I was just thinking exactly the same thing. I'm about 99% sure that I've been using a wire edge (albeit a very sharp one...for a day...). Considering how much touching up we both do, I'm thinking we might have them Mr. Cowboy.


----------



## tk59 (Jun 11, 2011)

I'm pretty sure most everyone has some amount of wire edge. The quesiton is really how far you're willing to go to try to minimize it. How long do my edges last? That is so impossible to answer. My main knife will probably last a couple of months at home before it drives me insane. At that point, some parts will shave and some really won't. I tend to use my tip area a lot more than the heel area. Still it depends on what I'm cooking (one barbecue session and an edge is toast), what I'm cutting on, what kind of edge I put on it, what knife it is and how you decided the edge is done and I'm sure I've forgotten some significant factors, too.


----------



## jaybett (Jul 19, 2011)

The discussion of edge retention on the Kramer thread, has got me thinking, how long does an edge have to last, to be considered great? 

Curtis Chung, C-Dawg on ITK, mentioned on one of his posts that his Mizuno cleaver's edge would last two days in a pro kitchen. Mizuno blue steel, is by far the toughest steel that I've seen. It's edge will last a long time, a few months if not more, in my home kitchen. 

Does any knife have great edge retention in a pro kitchen?

Jay


----------



## JohnnyChance (Jul 19, 2011)

I would consider 2 days on an edge in my kitchen poor, unless maybe I was in a place that slung some serious hash and required metric tons of prep. A week is acceptable for me, 3-5 days is decent (The Zwilling Kramer falls in this range).
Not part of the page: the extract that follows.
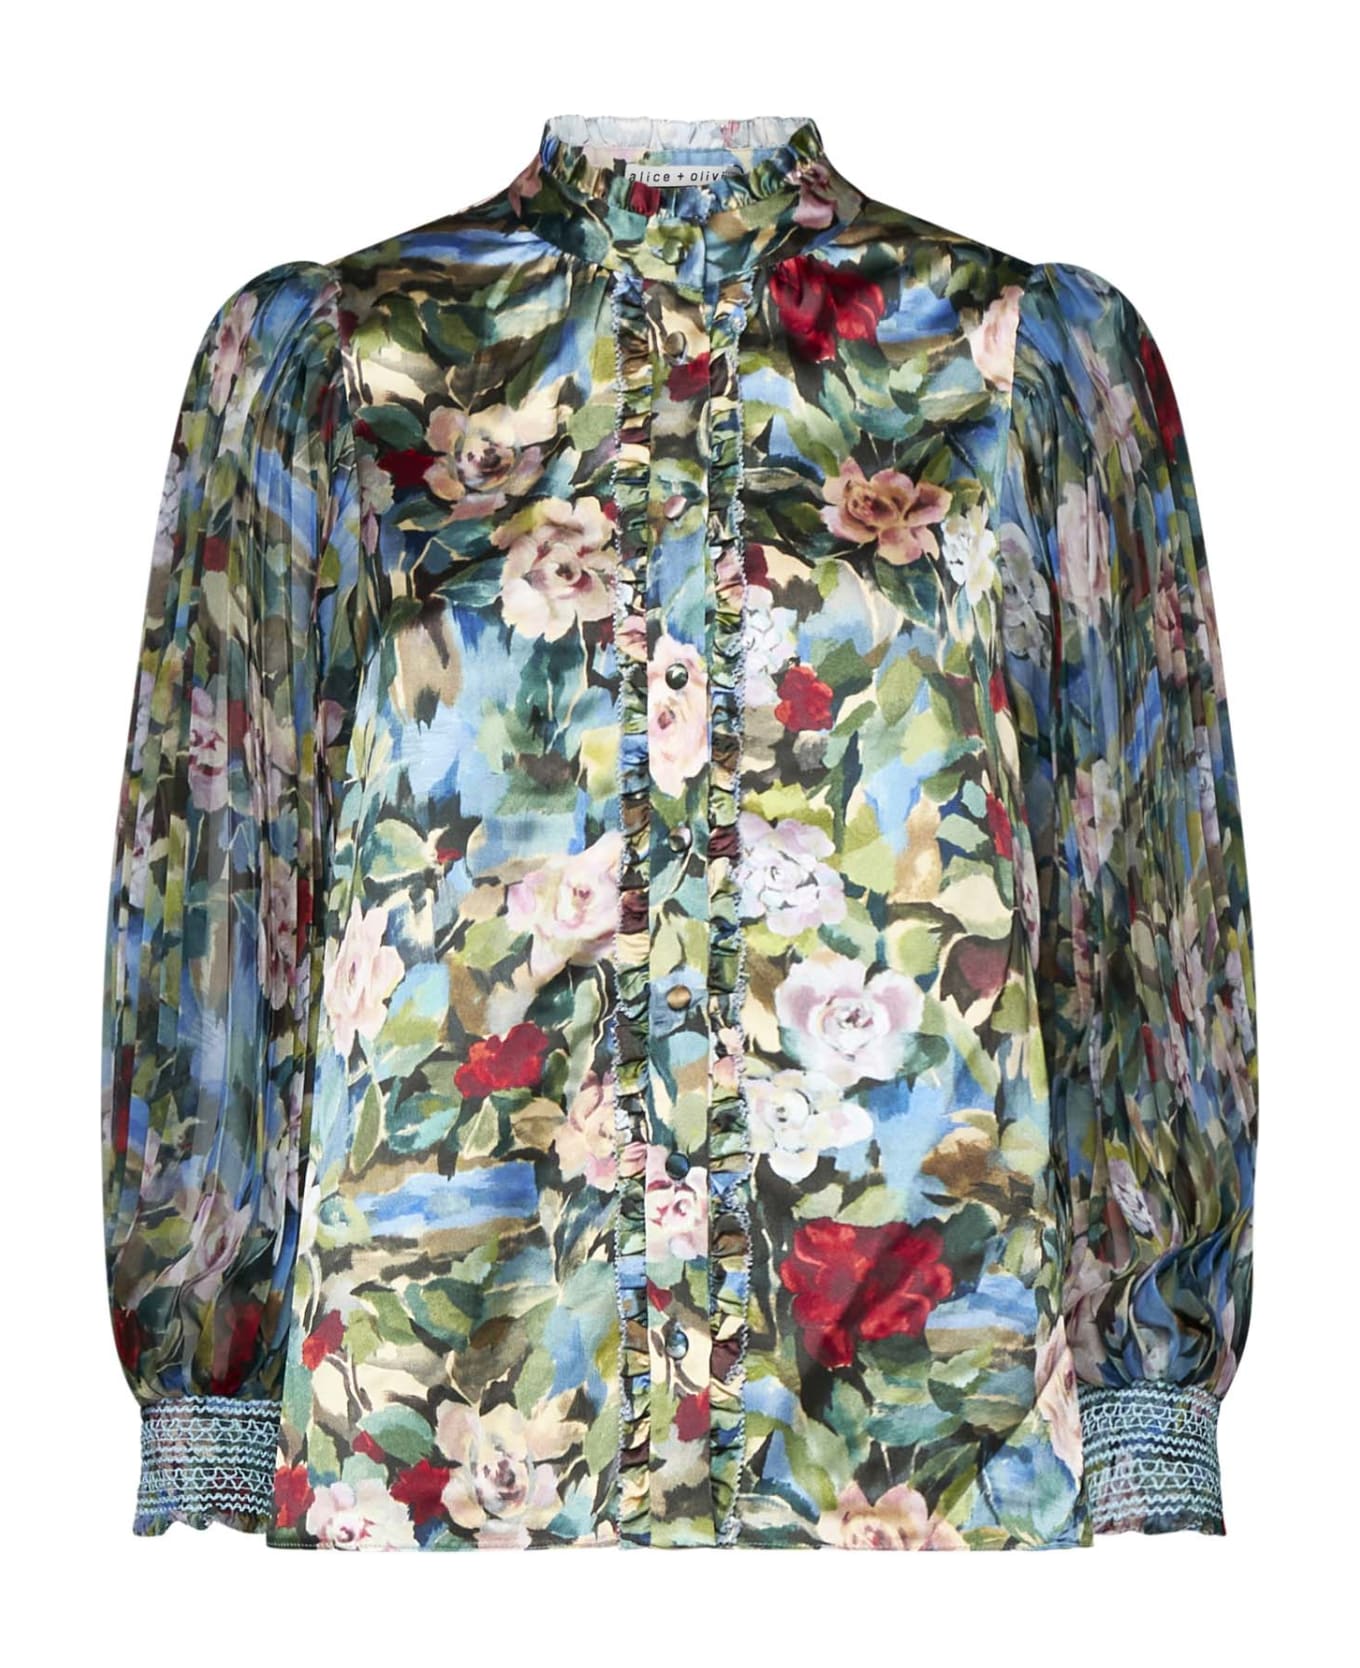 Alice + Olivia Shirt - Breeze floral sm

I would say my one of my best for edge retention is my Hiromoto AS Suji, but then again it sees less use than my gyutos, and on different items, so it is hard to judge. Best for me is probably my DT ITK in AEB-L. It's not that it stays razor sharp forever, but it diminishes a bit and then plateau's at about 90% sharpness and stays there for a long time. Other knives I feel continue to diminish at an equal rate, so while they may get sharper initially, they become unacceptable faster as well. My Aritsugu A-type might give the Devin a run for it's money but it is much more difficult to sharpen and the geometry isn't as nice so I don't use it as much either.
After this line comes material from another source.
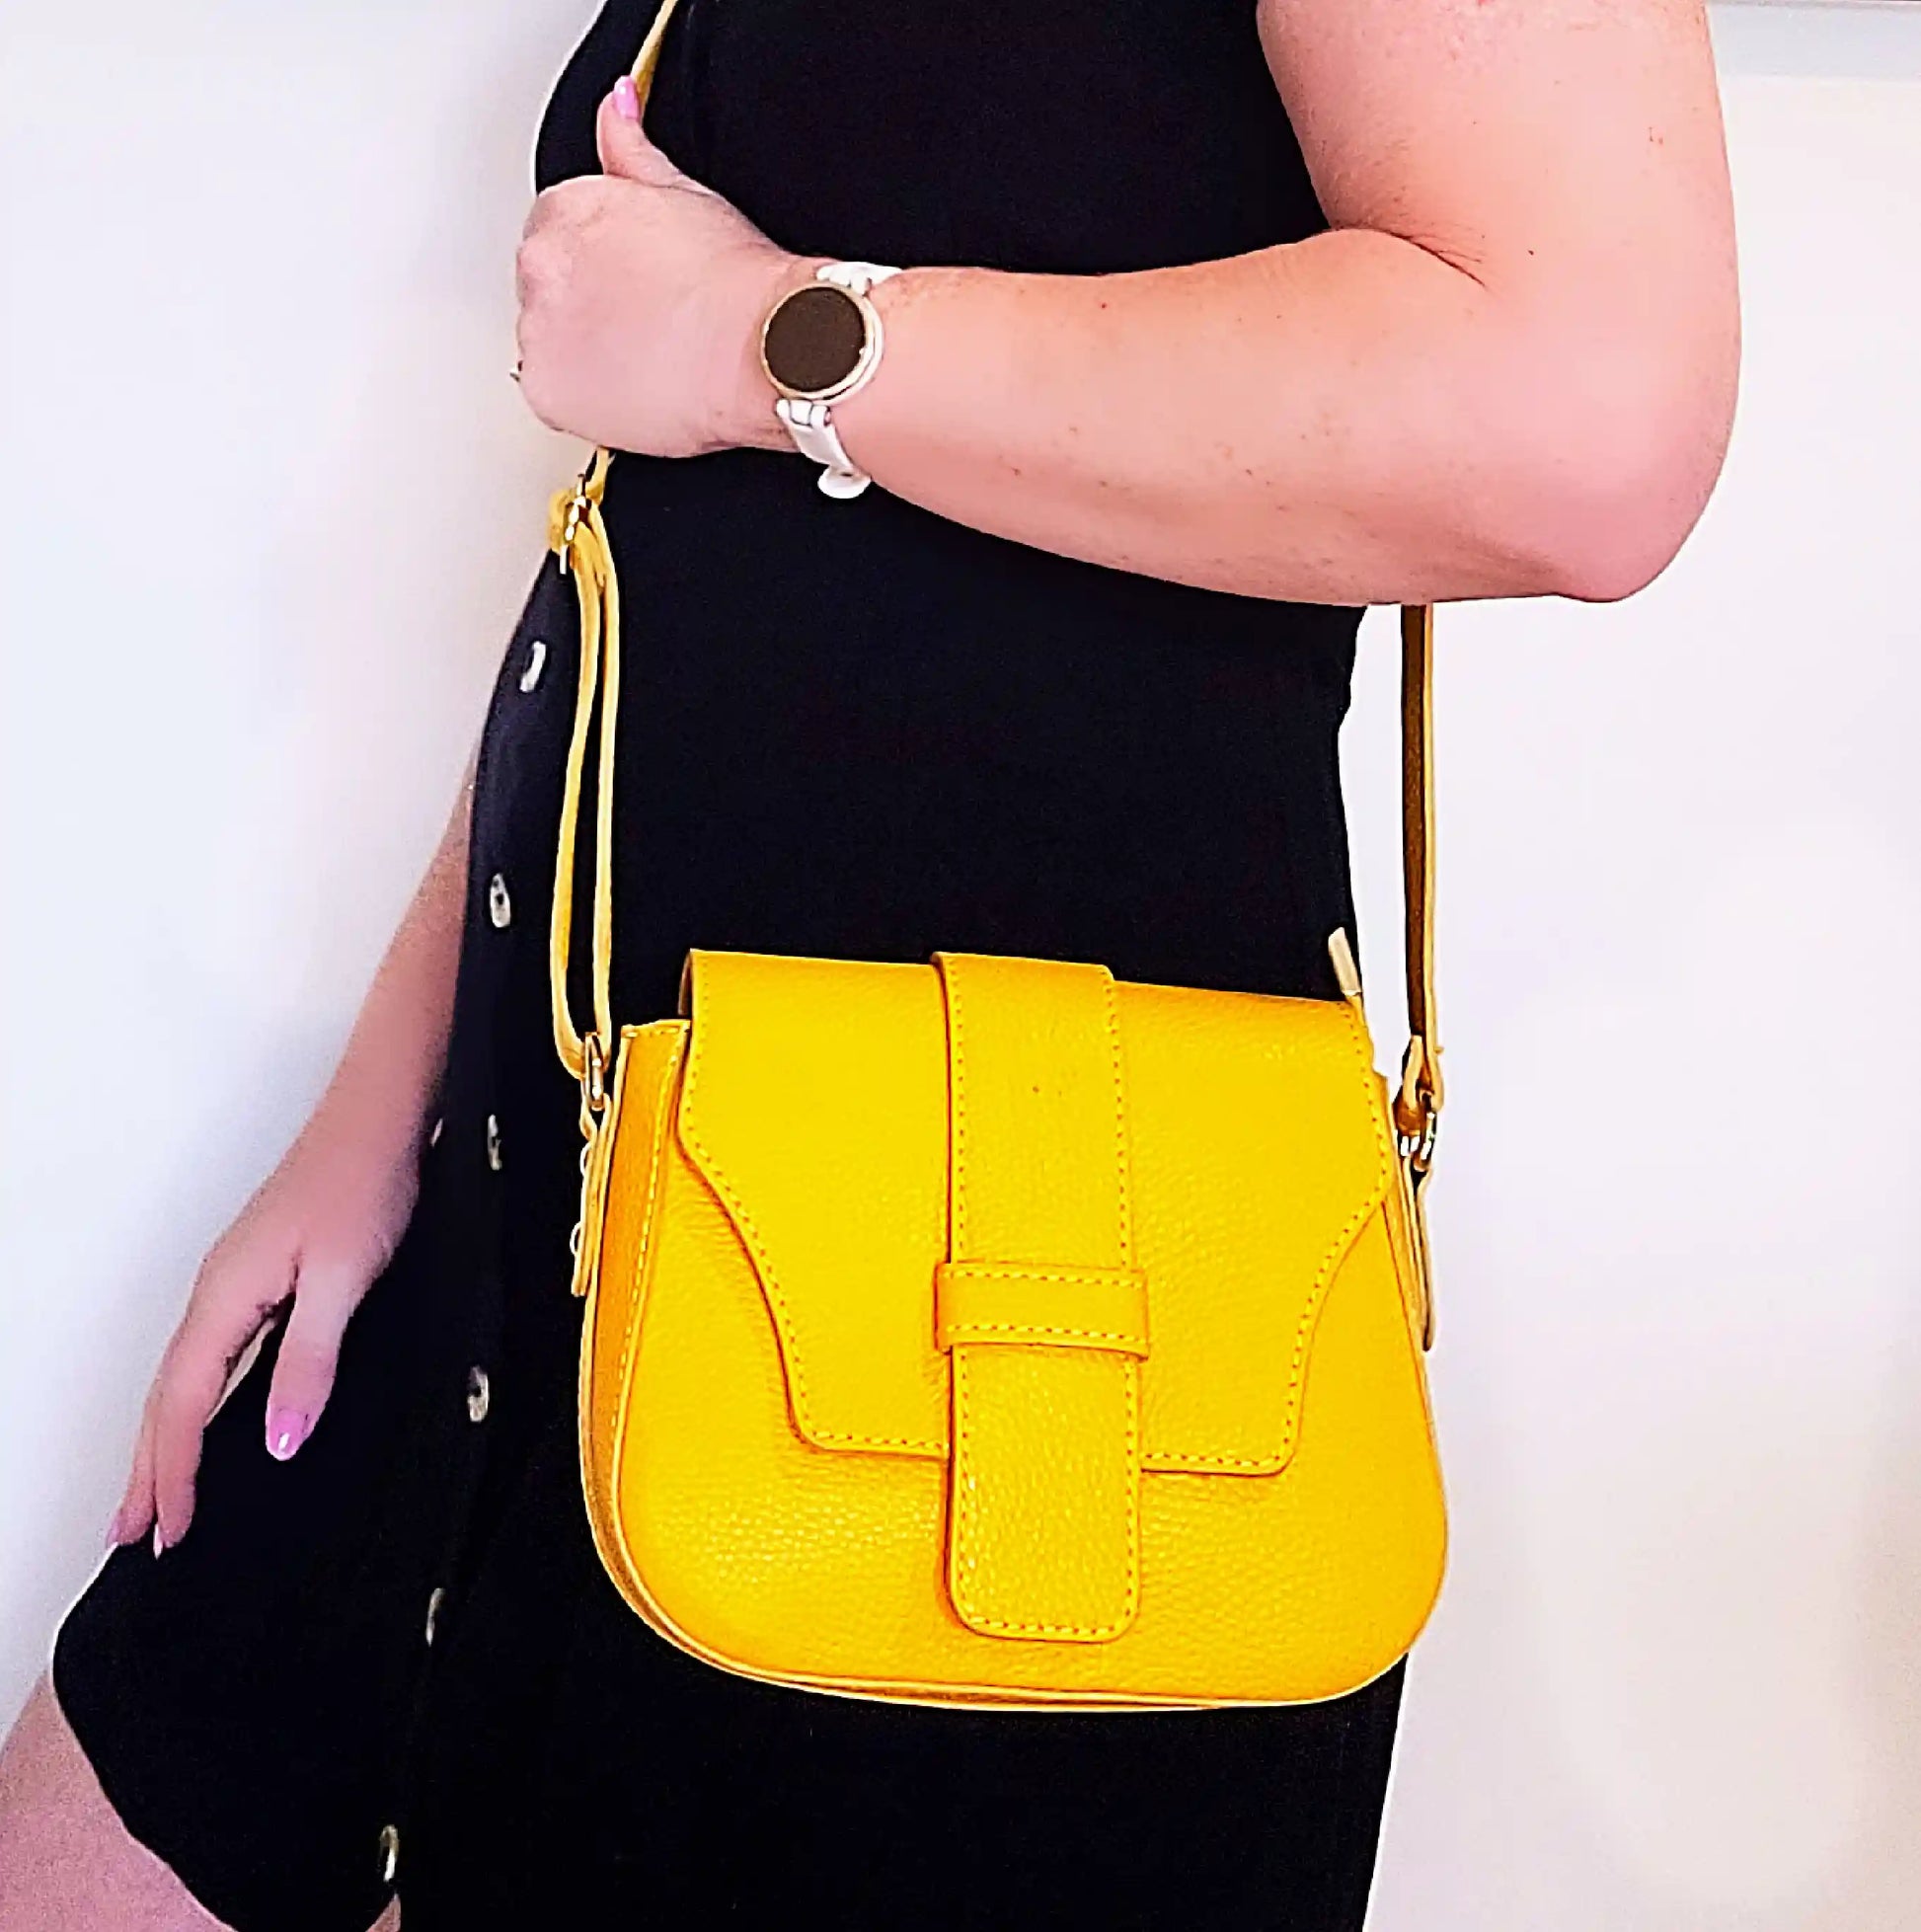 Lady-wearing-Yellow-leather-saddle-bag

And I am almost always impressed at the edge on my Tojiro DP honesuki, but it is a unitasker that obviously isn't as universal as a chefs knife or used as much. It gets beat on and still holds up though.

Also, there was this thread from awhile back.


----------



## MadMel (Jul 19, 2011)

My hiro As gyuto beats the hell out of my FKM petty and Henkels 5*... Probably plateau at about ~80% and stays there pretty much all week.. Btw, my basic prep is about 5 kg of tomatoes diced, 20kg of chicken leg butterflied, 3kg of carrots juillianed and 4 kg of cabbage per day, 6 days a week.


----------



## chefofthefuture (Jul 19, 2011)

My vote goes to the ITK. I got mine with the recent batch CKTG had, and I haven't had to fully sharpen it yet. I just gave it some touch ups on a 3k and 5k chosera, and its amazing. Before that my vote would have gone to either the Hiromoto AS or the Aritsugu A. All three have exceptional edge retention, and honestly once you get into the realm of edge retention that those knives have... it's just arguing semantics.
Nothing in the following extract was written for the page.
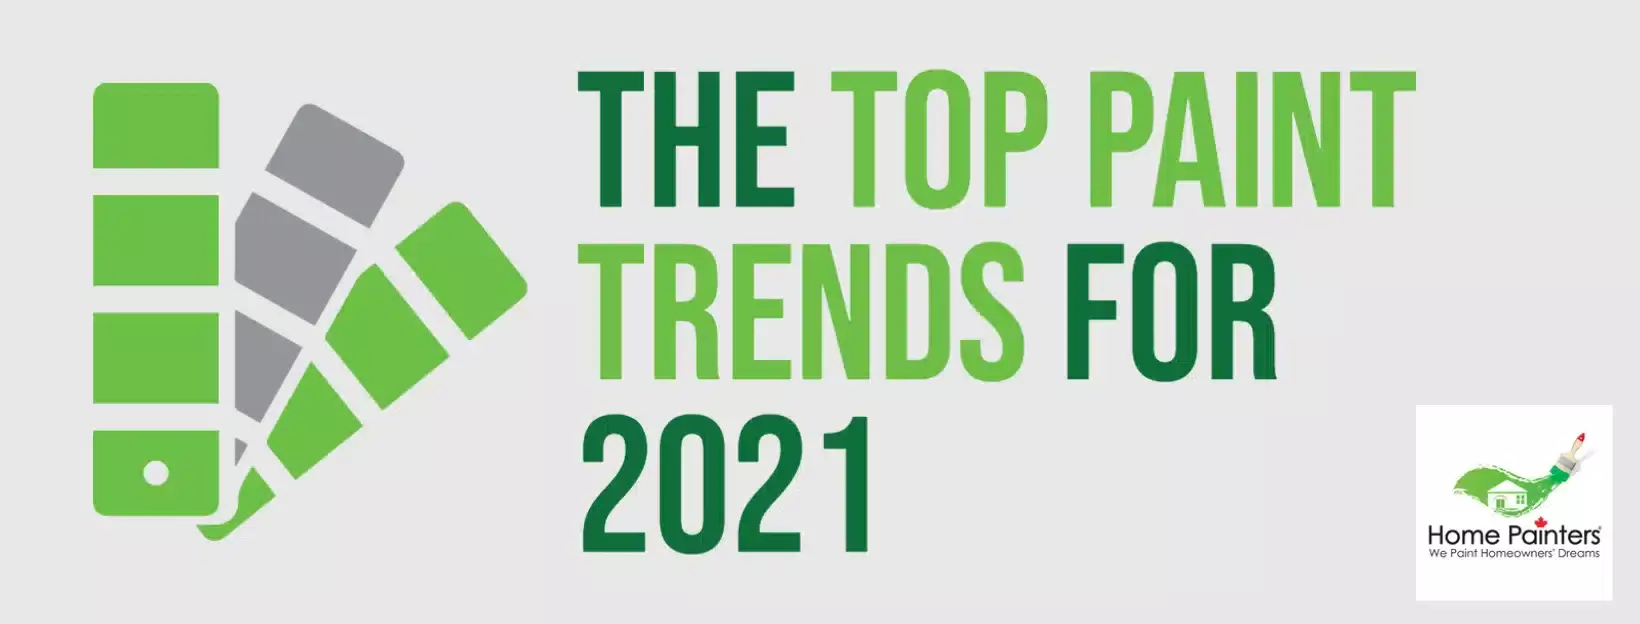 Top paint trends 2021

You also have to realize that the overall edge retention of a knife has a lot to do with how you sharpen it, and how refined the edge is. I find that if I take a knife all the way up to a .25 micron strop, that the edge will only hold for about one day; however, it's easy to bring it back with some more stropping. I find if I sharpen a knife to the 5k-10k range, it'll hold it's edge much longer but as we mentioned before it'll dull slightly and "plateau" at about 90% of it's original sharpness.


----------



## stevenStefano (Jul 19, 2011)

I use real crap plastic boards in work and I sorta rock chop so my edges would last about a day I say with no stropping or anything, but with my Mac hone I say 2-3 weeks they are still acceptable


----------



## MadMel (Jul 19, 2011)

stevenStefano said:


> I use real crap plastic boards in work and I sorta rock chop so my edges would last about a day I say with no stropping or anything, but with my Mac hone I say 2-3 weeks they are still acceptable


 
I use crappy poly boards too. Only diff is probably I don't rock that much unless it's fine chopping herbs... Still, I can go pretty much the whole week with just some light touches on my 6k every other day or so..


----------



## goodchef1 (Jul 19, 2011)

home and pro kitchens can be a bit deceiving. It depends on so many factors, and for someone who does seasonal work at a convention center feeding 8-18,000 people, and have tested knife edges with these animal preps, I have not seen one steel go beyond one shift without having to hone, or strop throughout. I'm sorry, but I do not buy this 4-6 weeks sharp bit. When I mention this to them, they laugh. I know an edge loses it's keenness and then keeps it at a certain level for a time, but lets be more descriptive on what we mean by sharp, what has been cut, how much, what style cutting, what surface, etc. etc.


----------



## UglyJoe (Jul 19, 2011)

chefofthefuture said:


> ...
> 
> You also have to realize that the overall edge retention of a knife has a lot to do with how you sharpen it, and how refined the edge is. I find that if I take a knife all the way up to a .25 micron strop, that the edge will only hold for about one day; however, it's easy to bring it back with some more stropping. I find if I sharpen a knife to the 5k-10k range, it'll hold it's edge much longer but as we mentioned before it'll dull slightly and "plateau" at about 90% of it's original sharpness.


 

This.

So much of edge retention is based on making sure that you have completely removed the wire edge (which a lot of us haven't even if we think we have) as well as the geometry that we sharpen the knife to, as well as the finish we put on the knife. There are so many factors that it's very hard for me to use anecdotal evidence from other members as justification for one knife's edge retention over another. I think that we really have to go with the metallurgists perspective here. Edge retention will be based on the steel type and HT from one knife to the next. Actual performance will be determined solely by the enduser.


----------